In an international conspiracy, a criminal gang in China has been sentenced for money laundering using digital Yuan.
The case in which suspects Yuan, Zhang, and Kou were found guilty of using digital yuan accounts to cash out and conceal criminal proceeds was handled by the People’s Procuratorate of Yuecheng District, Shaoxing, according to a report by Mpaypass.
Money Laundering Using Digital Yuan and Crypto
Yuan decided to apply for a part-time job after seeing an advertisement on social media in August 2023. The advertiser requested that Yuan withdraw funds from vendors’ digital Yuan accounts upon payment of a 0.8% commission.
Yuan initiated the process by purchasing cryptocurrency and transferring it to the advertiser as a deposit. After locating a merchant with digital Yuan wallets, Yuan would provide the advertiser with the QR code for the e-CNY receiving, and the latter would transmit the funds to the merchant.
The merchants would typically charge a “service fee” of 1% to 1.5% upon receiving the money and return the remaining amount in Yuan banknotes. Money laundering would continue as long as Yuan could locate vendors with digital Yuan purses available.
The process became quite familiar to Yuan after a few operations. Yuan expressed his surprise at the rapidity of the money’s arrival, stating, “I did not anticipate it to be this fast; the process of doing it independently is too slow.”

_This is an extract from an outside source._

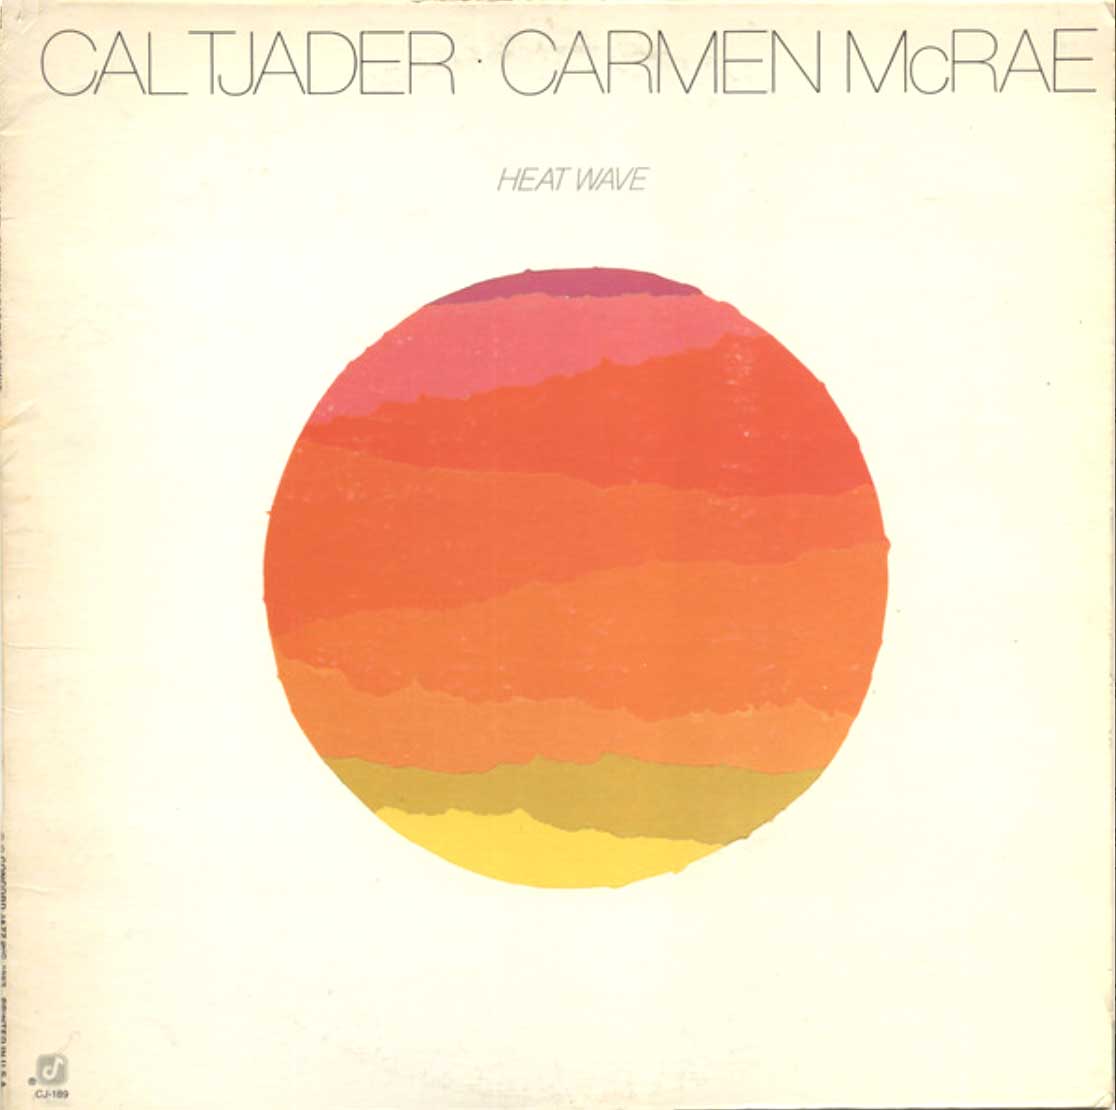 Cal Tjader - Carmen McRae - Heat Wave - 1982

Yuan Recruits More to Expand Operation
Despite being aware of the advertiser’s questionable origins, Yuan was unable to resist the allure and enlisted the assistance of his fiancée, Zhang, and friend, Kou. He offered them 50 yuan for each 10,000 yuan, and they helped cash out to generate a profit.
The gang typically contacted the advertiser using unregulated messaging apps from overseas to avoid police action, as not many shops with e-CNY accounts agreed to such operations, and repeated actions could be readily noticed.
They began to circulate through the cities of Zhejiang province in early September, traveling to new crime locations after successful cash-outs and laundering the fraudulent money of over 200,000 yuan.
Yuan admitted that “digital yuan transactions have robust privacy features, and overseas fraud syndicates also exploit this feature to acquire some merchants’ accounts for money laundering.”
The court recently imposed a fine on the gang and sentenced them to fixed-term imprisonments that ranged from one year and four months to seven months for concealing and disguising the proceeds of crime.